Видимо, Натаниэль зажигал стоящие в канделябрах свечи — огоньки на фитилях разгораются, освещая захламленную мастерскую. Здесь нет ни гобеленов, ни шелковых и атласных драпировок — лишь выбеленный камень стен, не отражающий солнечный свет и не искажающий цвета. К дальней стене прислонены несколько недописанных картин. Натаниэль забирает у Дигби свое вино с пряностями, вышагивает на середину огромной комнаты, уперев свободную руку в бок, и улыбается гостю.
— Прямо фабрика, — говорит Дигби, желая похвалить это место.
— Нет, фабрика — это мой дом в Лондоне. А здесь лавка ремесленника, где я выполняю не особо срочные заказы.
Держа кубок возле рта, Дигби поверх него рассматривает мольберт и висящие на стене палитры, густо испещренные присохшей краской, — точно фамильные щиты в замке аристократа. На них застыли мазки охры, кошенили и киновари, но Дигби не знает названий этих красок. Он заглядывает в какой-то горшочек, осторожно приподнимает пальцем край сальной пленки и обнаруживает под ней что-то белое.
— Чистейшие свинцовые белила, — поясняет Натаниэль, — ими делают блики света в глазах.
Что-то непристойное есть во всем этом доме, думает Дигби, морща нос над ворохом засаленных тряпок, измазанных в краске. Он направляется к большому холсту на мольберте, возле которого чувствуется запах льняного масла и козьего клея. На полу листьями гигантского дерева рассыпаны бумаги; на скамьях в горшочках вверх щетиной стоят кисти, напоминая вывороченные с корнем стволы. Натаниэль зажигает лампу и ставит ее на скамью возле мольберта.

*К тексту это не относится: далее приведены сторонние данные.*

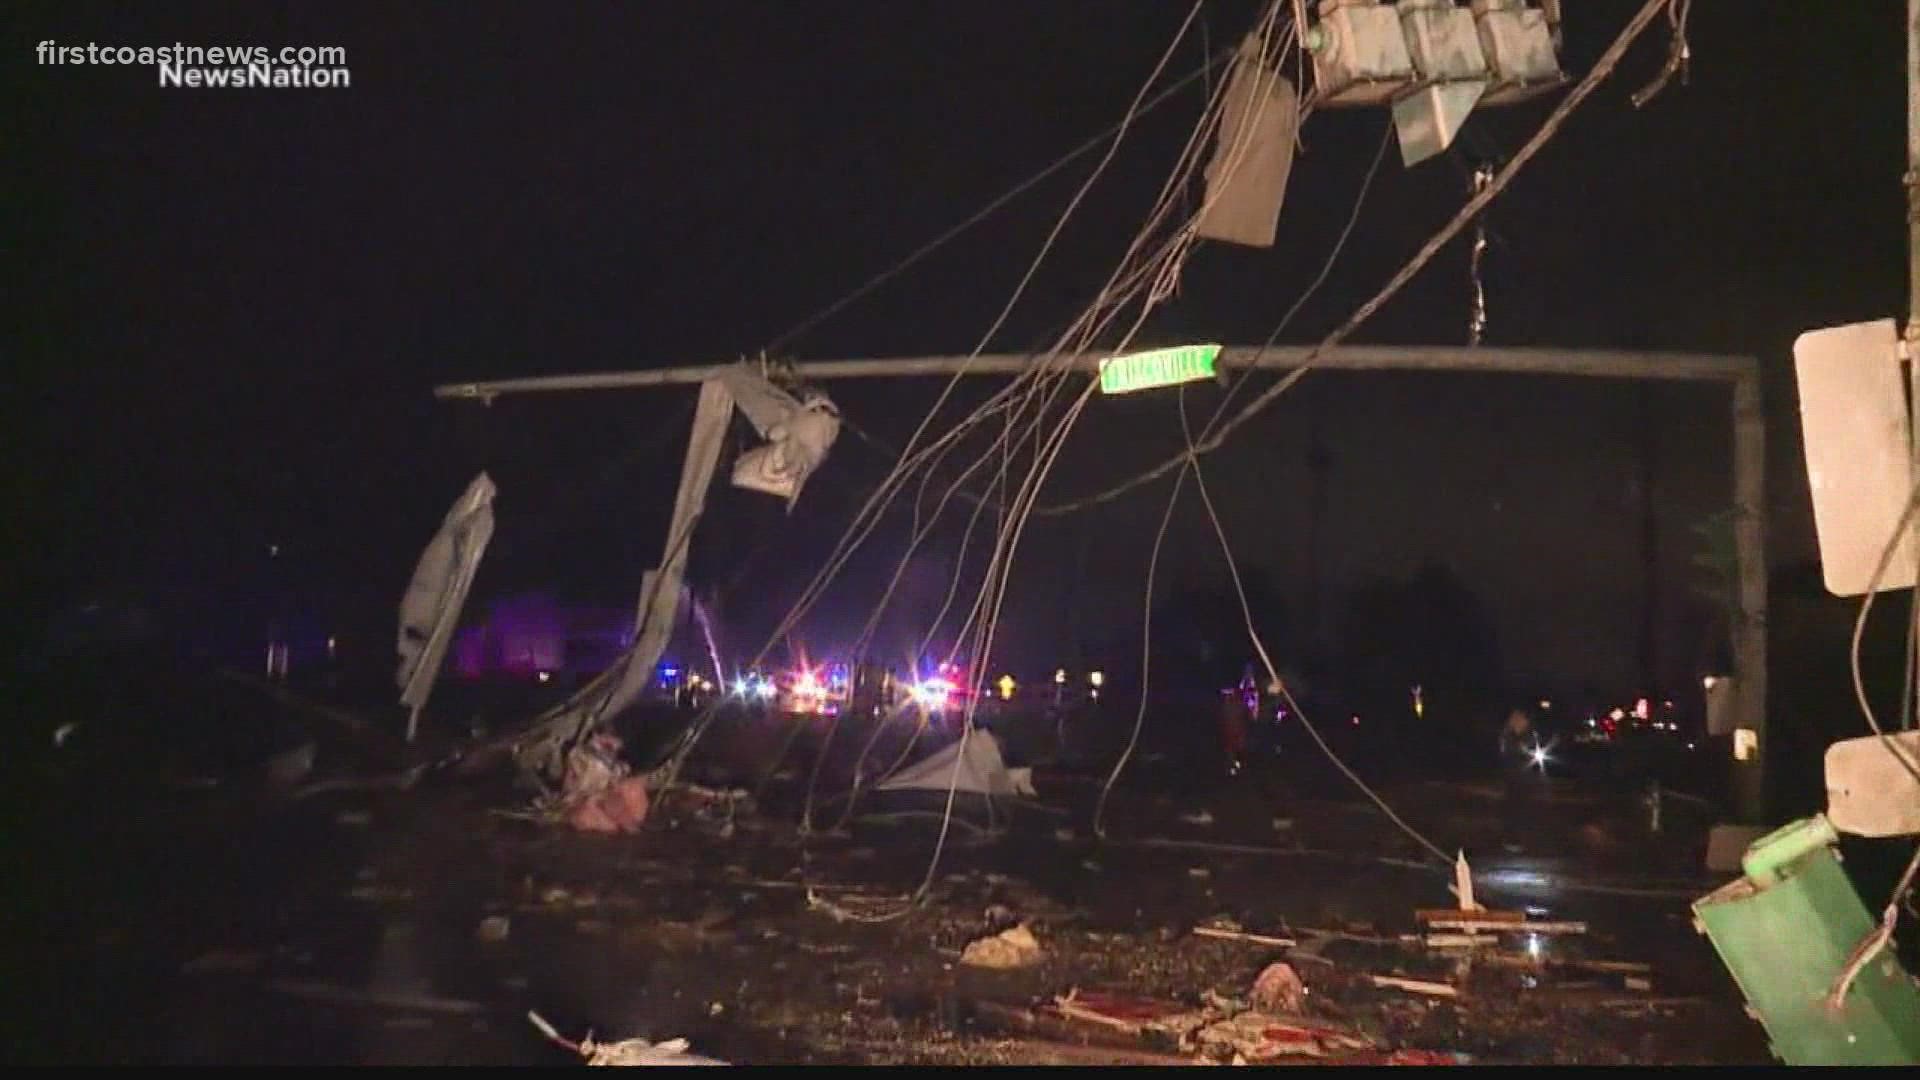 Widespread damage was reported to homes and businesses in Southern Louisiana.

— Когда-то ты нарисовал мой портрет, — вспоминает Дигби.
— Было дело. А теперь…
— Он все еще у тебя? Тот портрет?
Натаниэль перестает улыбаться. Под настойчивым взглядом Дигби он отводит глаза и быстро моргает — должно быть, копоть попала.
— Наверное, остался со всеми моими бумагами, — отвечает он, — тогда, десять лет назад…
— Может, ты сумел его спасти?
— Я… думаю, он остался там. А теперь — вот!— торжественно объявляет Натаниэль, поднимая лампу, чтобы осветить холст. — Моя самая большая на нынешнее время работа. Конечно, завтра можно будет разглядеть ее получше. От этих светильников никакого толку.
Дигби смотрит на полотно. Он не обращает внимания на ярко-красные драпировки, великолепные шелка и превосходно переданный глянец на фруктах.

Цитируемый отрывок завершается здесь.